— Task —
Among the entries below, one line contains "Halloween, All Hallows" and another contains "Glasfaserkabel/ Netzausbau - Internet". Transcribe those two lines and every line between them, exactly.

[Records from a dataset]
----------
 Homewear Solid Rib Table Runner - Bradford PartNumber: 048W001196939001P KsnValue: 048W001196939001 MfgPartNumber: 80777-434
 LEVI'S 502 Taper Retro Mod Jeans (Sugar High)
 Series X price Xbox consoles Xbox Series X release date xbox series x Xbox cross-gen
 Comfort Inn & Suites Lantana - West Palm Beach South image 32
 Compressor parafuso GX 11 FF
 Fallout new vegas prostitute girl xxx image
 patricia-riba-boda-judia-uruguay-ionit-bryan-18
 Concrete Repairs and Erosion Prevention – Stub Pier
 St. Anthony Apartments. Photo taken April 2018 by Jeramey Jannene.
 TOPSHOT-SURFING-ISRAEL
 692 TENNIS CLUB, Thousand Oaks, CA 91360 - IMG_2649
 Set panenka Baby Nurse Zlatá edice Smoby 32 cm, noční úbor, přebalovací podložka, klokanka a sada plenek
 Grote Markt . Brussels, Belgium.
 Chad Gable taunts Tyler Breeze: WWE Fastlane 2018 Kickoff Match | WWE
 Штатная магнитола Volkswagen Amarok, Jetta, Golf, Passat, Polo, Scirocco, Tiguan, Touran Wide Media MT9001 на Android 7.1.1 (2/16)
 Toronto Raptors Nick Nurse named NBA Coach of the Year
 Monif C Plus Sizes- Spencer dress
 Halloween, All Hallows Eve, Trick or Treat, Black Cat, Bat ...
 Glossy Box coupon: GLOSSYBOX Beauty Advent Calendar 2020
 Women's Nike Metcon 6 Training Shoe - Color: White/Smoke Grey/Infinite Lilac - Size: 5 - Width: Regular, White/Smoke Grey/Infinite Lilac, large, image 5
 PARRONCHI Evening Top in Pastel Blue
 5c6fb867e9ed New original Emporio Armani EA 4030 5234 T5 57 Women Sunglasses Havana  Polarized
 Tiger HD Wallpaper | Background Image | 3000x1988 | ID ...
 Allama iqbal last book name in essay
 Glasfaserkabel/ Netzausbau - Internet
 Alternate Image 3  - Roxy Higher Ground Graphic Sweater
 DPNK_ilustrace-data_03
----------
— Result for this task —
 Halloween, All Hallows Eve, Trick or Treat, Black Cat, Bat ...
 Glossy Box coupon: GLOSSYBOX Beauty Advent Calendar 2020
 Women's Nike Metcon 6 Training Shoe - Color: White/Smoke Grey/Infinite Lilac - Size: 5 - Width: Regular, White/Smoke Grey/Infinite Lilac, large, image 5
 PARRONCHI Evening Top in Pastel Blue
 5c6fb867e9ed New original Emporio Armani EA 4030 5234 T5 57 Women Sunglasses Havana  Polarized
 Tiger HD Wallpaper | Background Image | 3000x1988 | ID ...
 Allama iqbal last book name in essay
 Glasfaserkabel/ Netzausbau - Internet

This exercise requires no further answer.